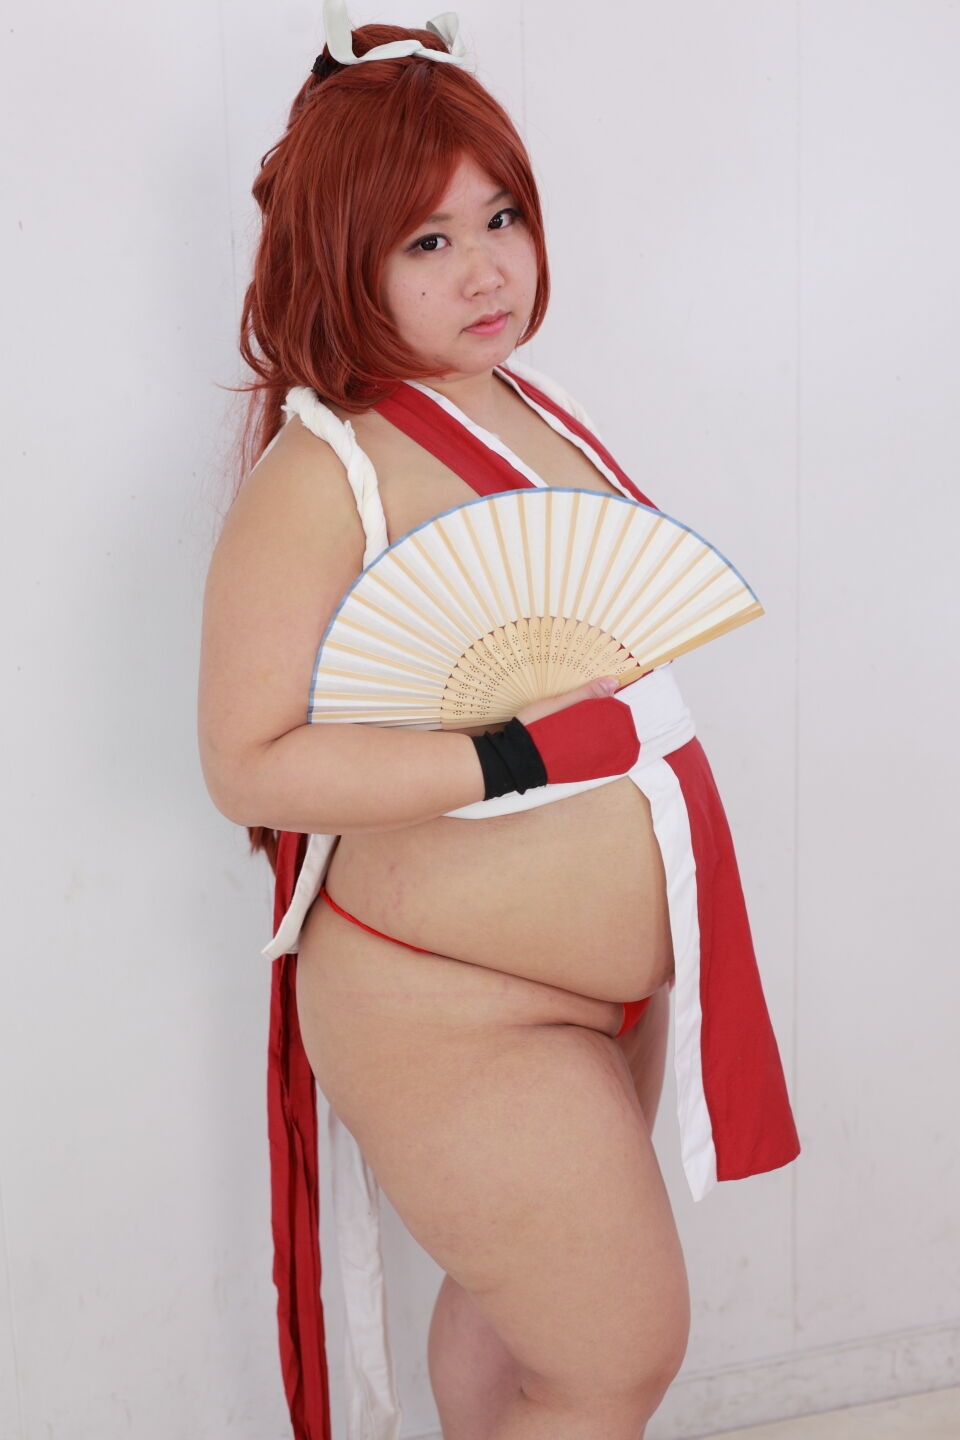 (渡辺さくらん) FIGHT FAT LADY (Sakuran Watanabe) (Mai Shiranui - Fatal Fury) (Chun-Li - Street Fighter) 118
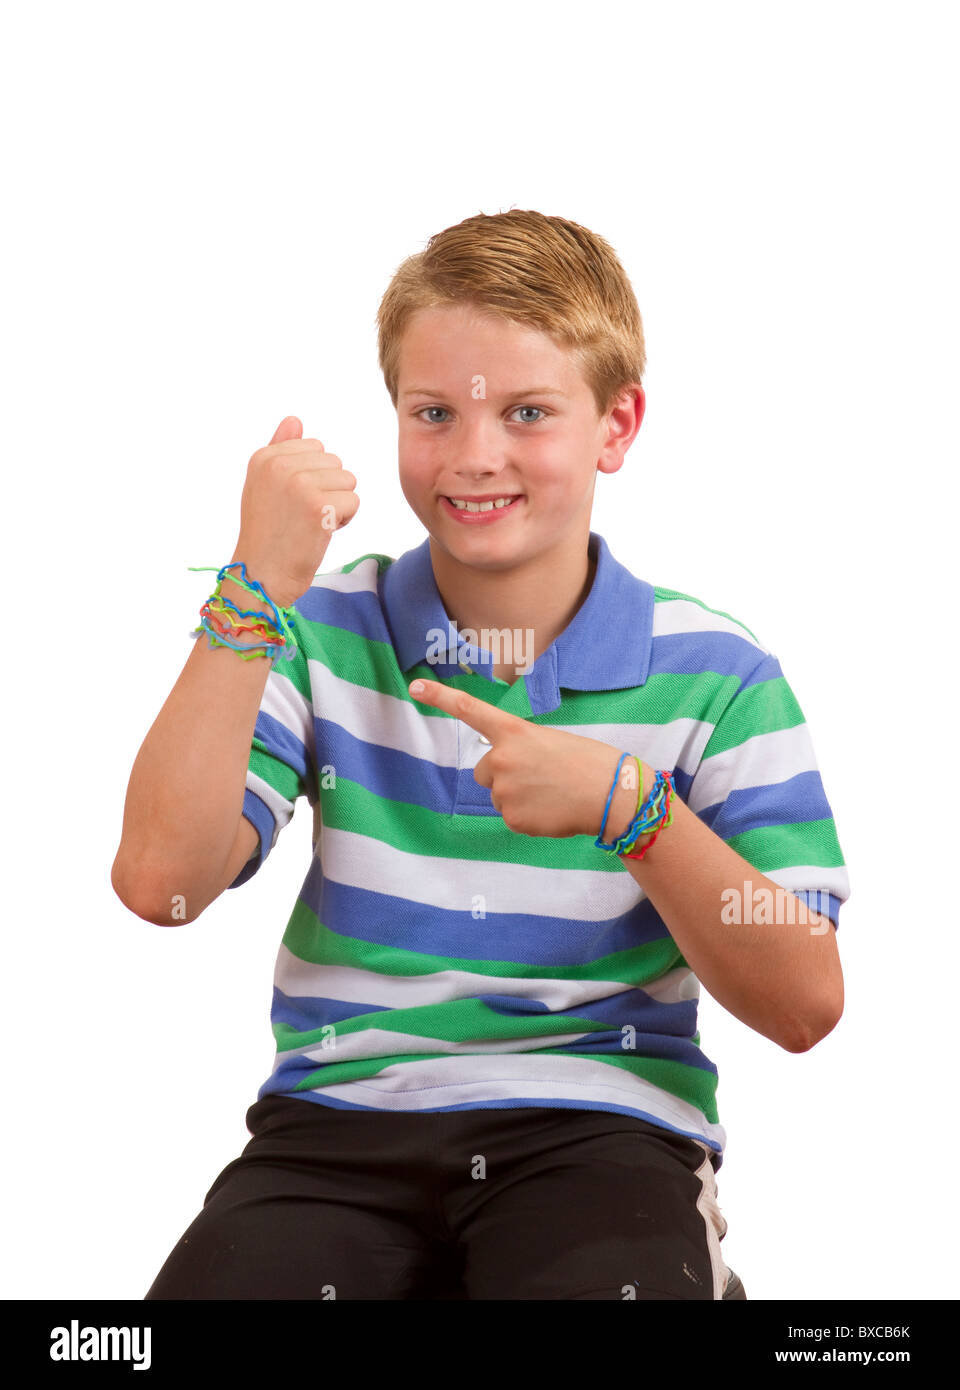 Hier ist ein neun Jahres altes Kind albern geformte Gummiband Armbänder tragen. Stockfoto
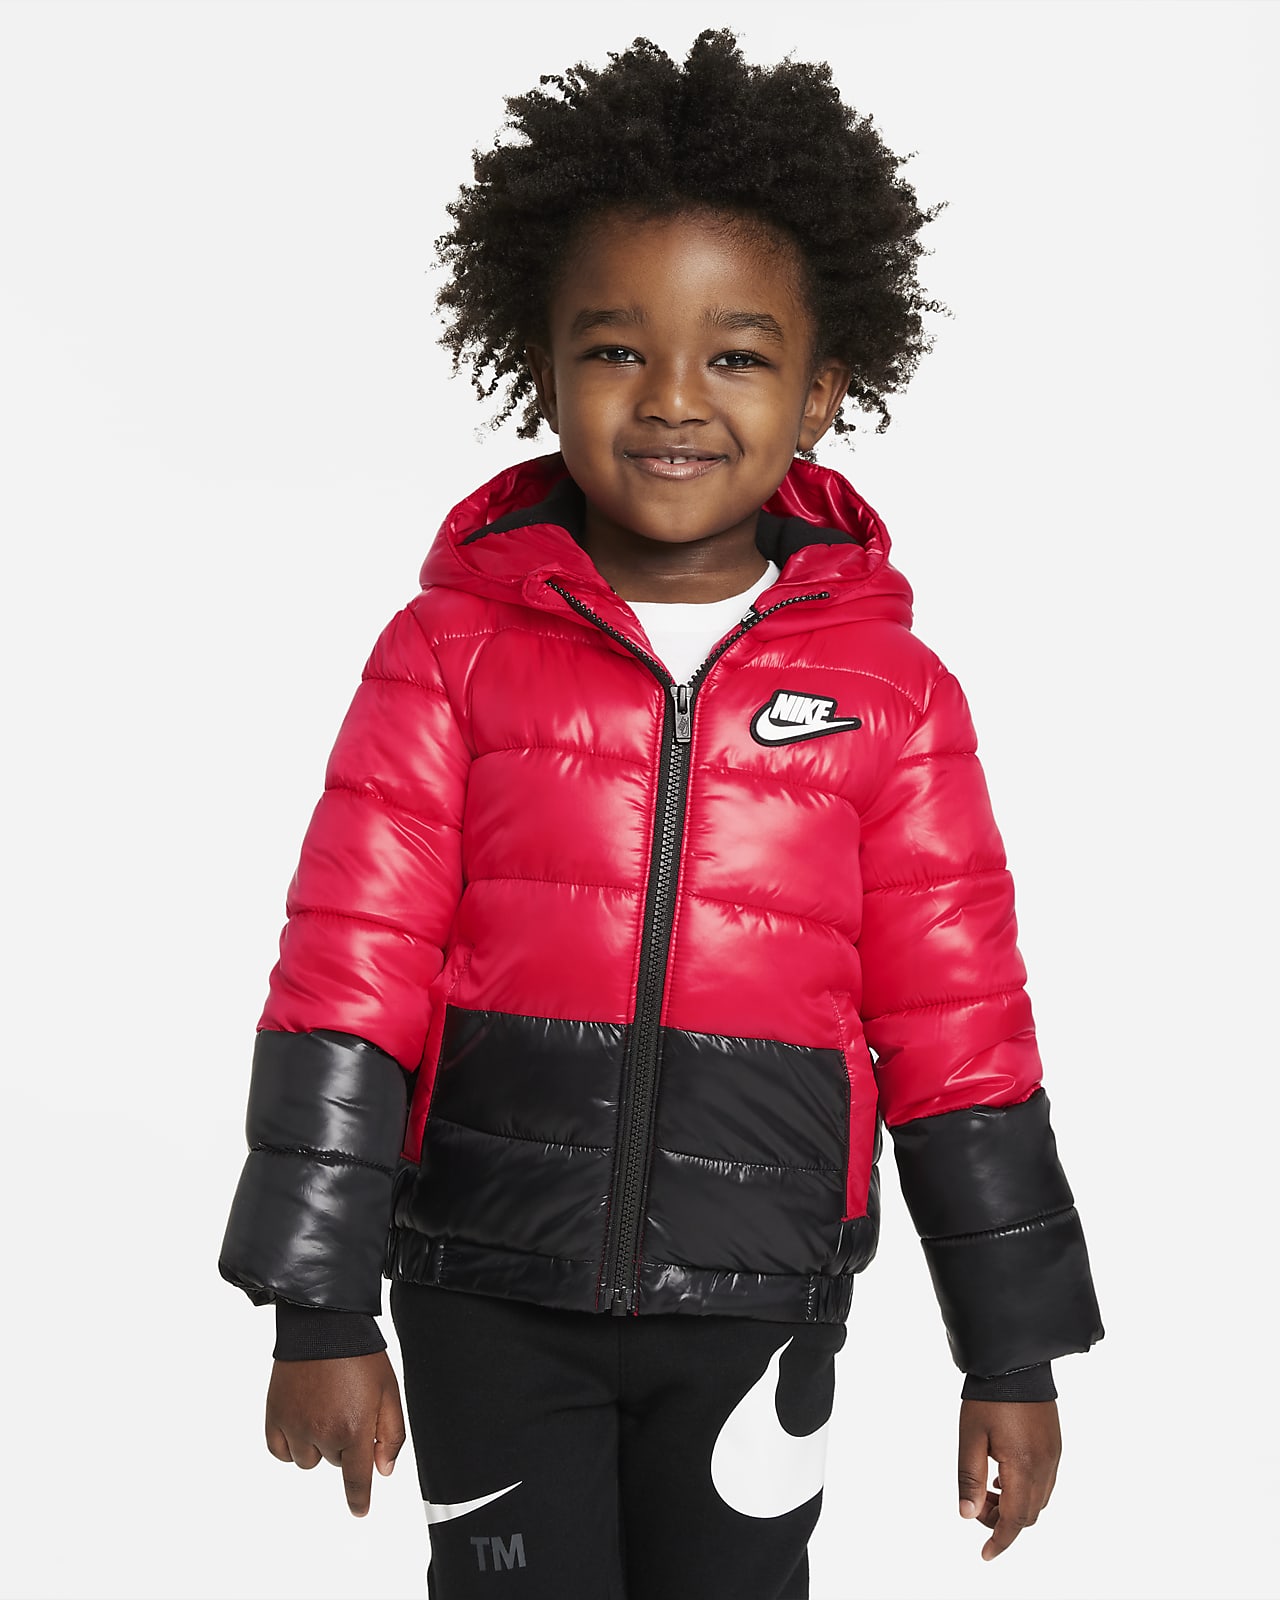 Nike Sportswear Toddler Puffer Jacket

- - - - -

Leave the images out and transcribe the rest of the material exactly.

 (渡辺さくらん) FIGHT FAT LADY (Sakuran Watanabe) (Mai Shiranui - Fatal Fury) (Chun-Li - Street Fighter) 118
 Hier ist ein neun Jahres altes Kind albern geformte Gummiband Armbänder tragen. Stockfoto
 Nike Sportswear Toddler Puffer Jacket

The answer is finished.